- Connecticut Department of Correction inmate mugshot
- Born: February 11, 1970 (age 56) Hampton, Virginia, U.S.
- Other name: Sick Ripper
- Criminal status: Incarcerated
- Convictions: Murder (6 counts) First degree manslaughter
- Criminal penalty: 360 years imprisonment

Details
- Victims: 7
- Span of crimes: January – October 2003
- Country: United States
- State: Connecticut
- Date apprehended: May 15, 2005
- Imprisoned at: Cheshire Correctional Institution

= William Devin Howell =

American serial killer (born 1970)

William Devin Howell (born February 11, 1970) is an American serial killer who was convicted of murdering seven women in 2003. He is one of the most prolific serial killers in Connecticut history.

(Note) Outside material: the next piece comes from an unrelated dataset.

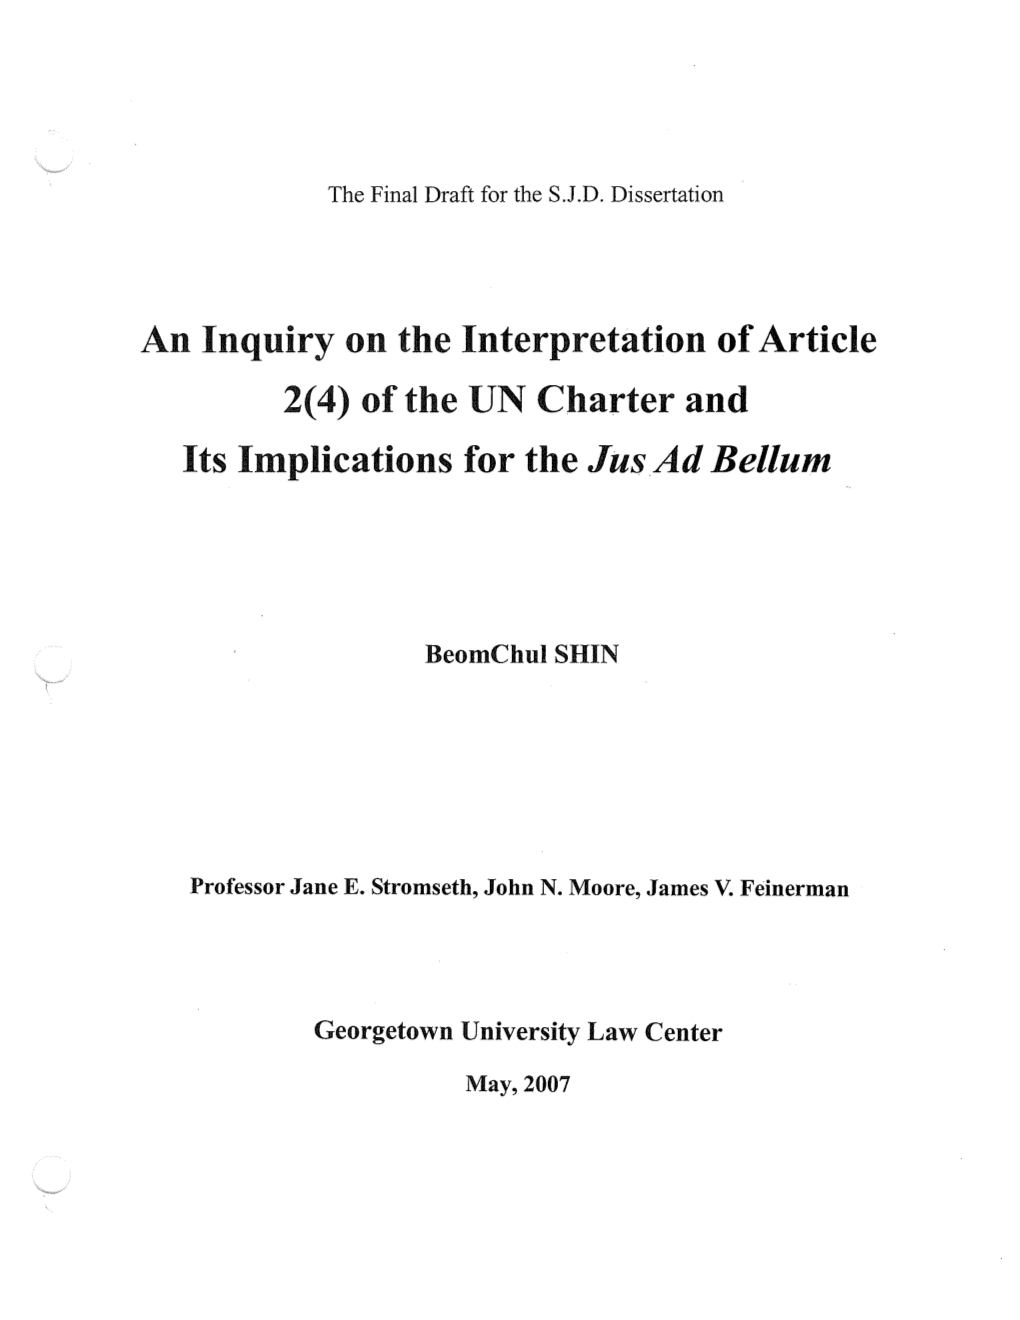 An Inquiry on the Interpretation of Article 2( 4) of the UN Charter and Its Implications for the Jus Ad Bellum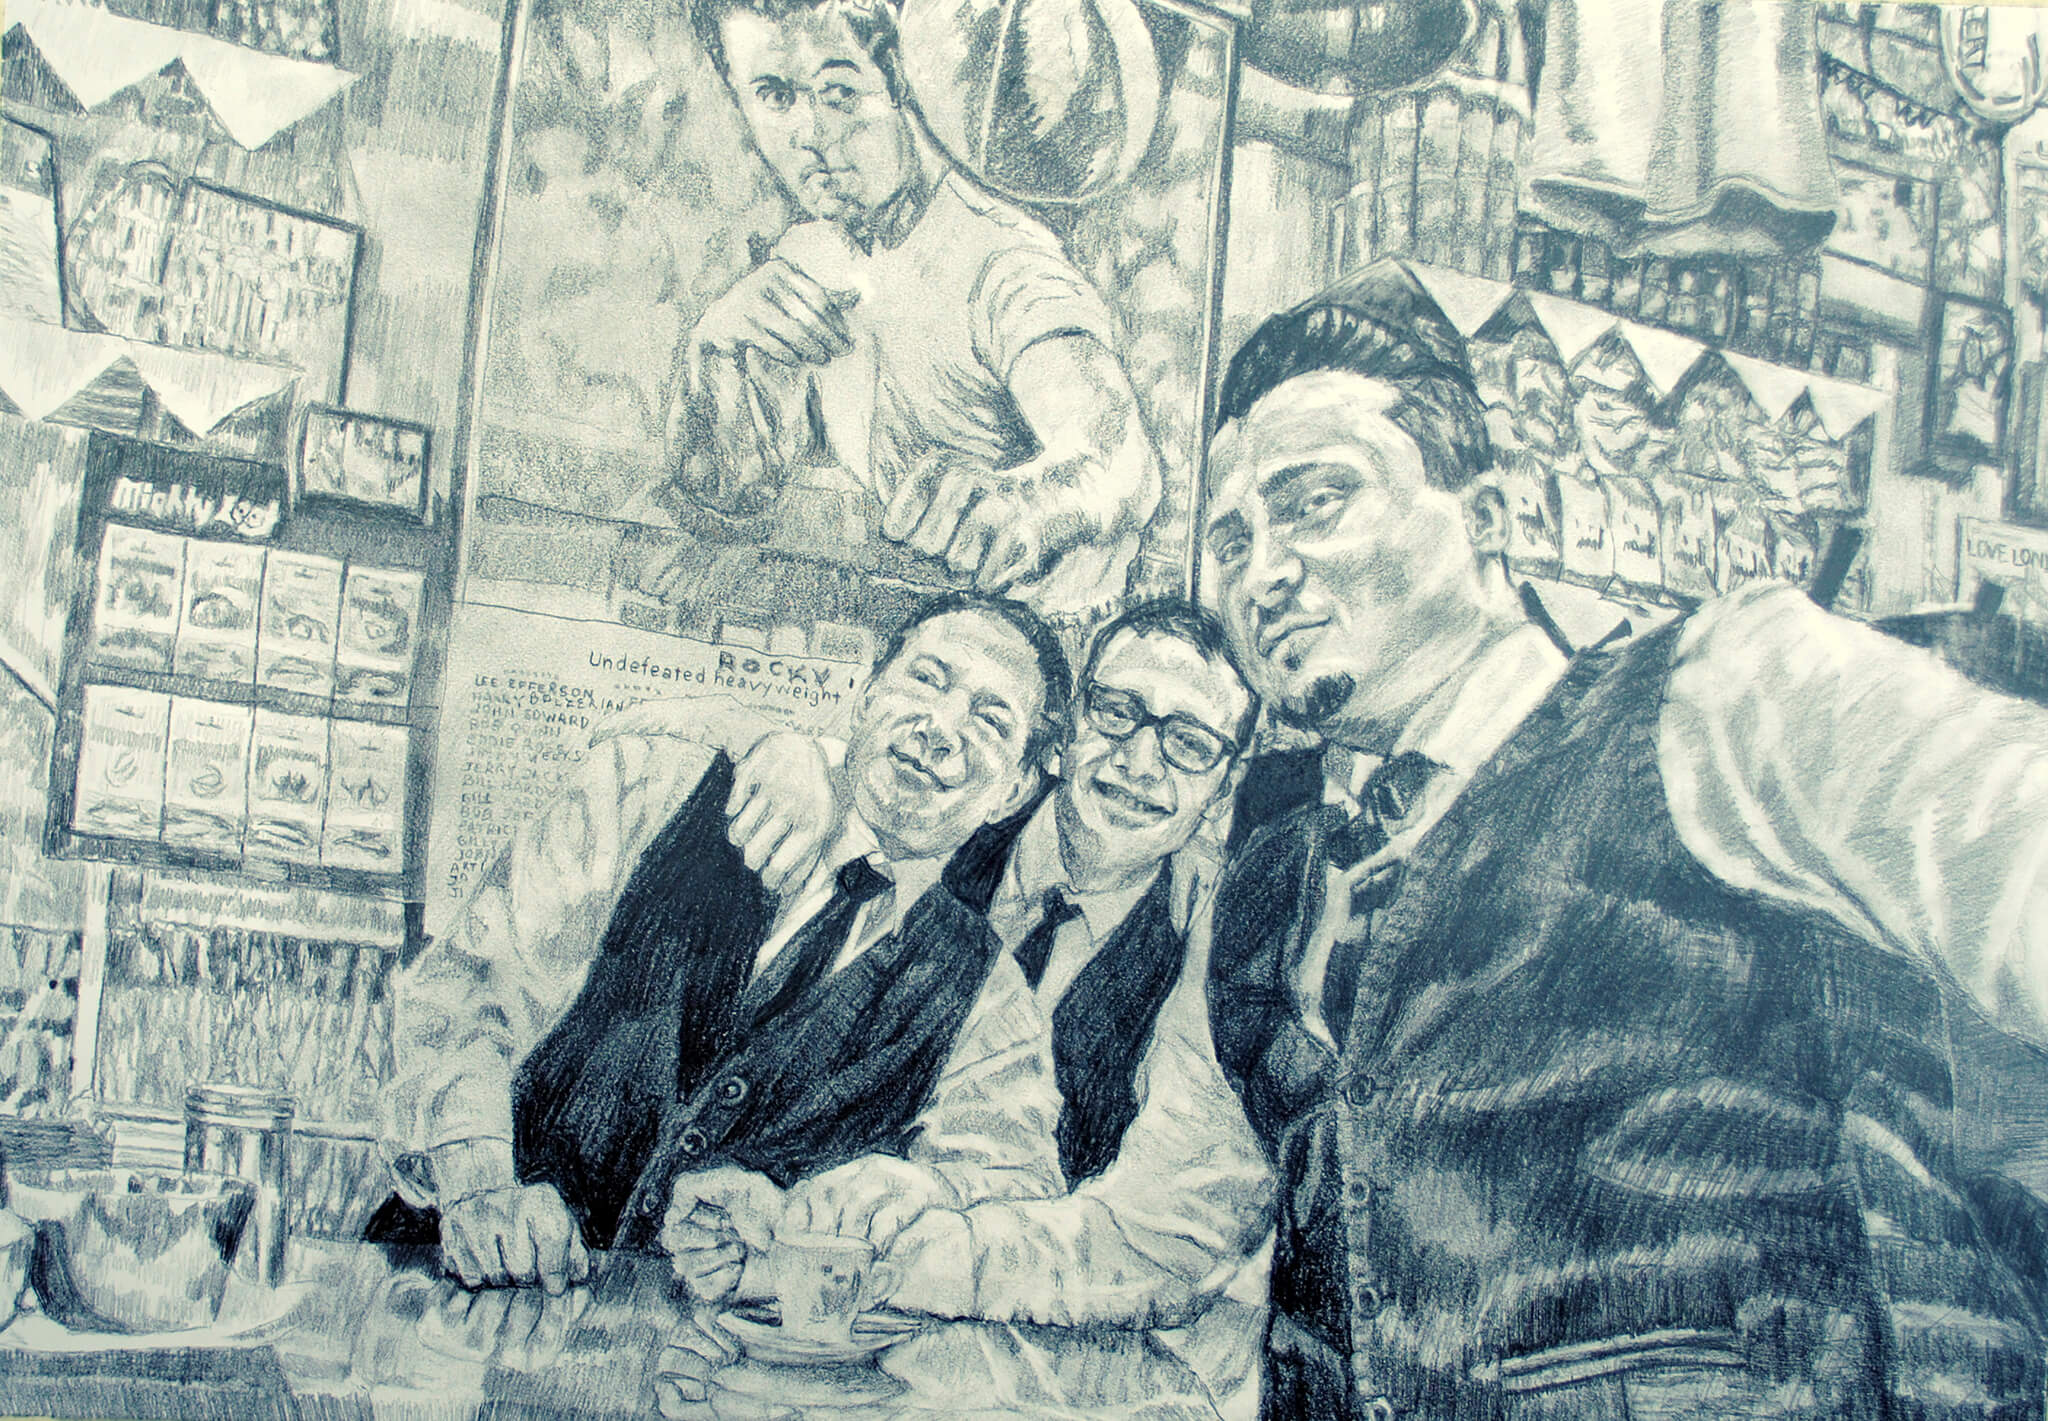 Bar Italia staff pencil on paper business portrait commission artwork by Stella Tooth

In November 2017, while already serving a 15-year prison sentence for manslaughter, he was sentenced to six consecutive life sentences (a life sentence in Connecticut is 60 years in prison, meaning he was sentenced to 360 years in prison), which he is currently serving at Cheshire Correctional Institution.

==Victims==
The victims were identified as seven women, including one transgender woman, Janice Roberts. Their bodies were discovered in two locations, including an area behind a shopping plaza on Hartford Road in New Britain, referred to by Howell as his "garden". The person who discovered this principal body dump, at the start of 2005, by which time the remains were mostly skeletal, had been looking for an area to hunt in. The ground is wooded and marshy and inaccessible by car, which delayed the investigation and recovery of the victims.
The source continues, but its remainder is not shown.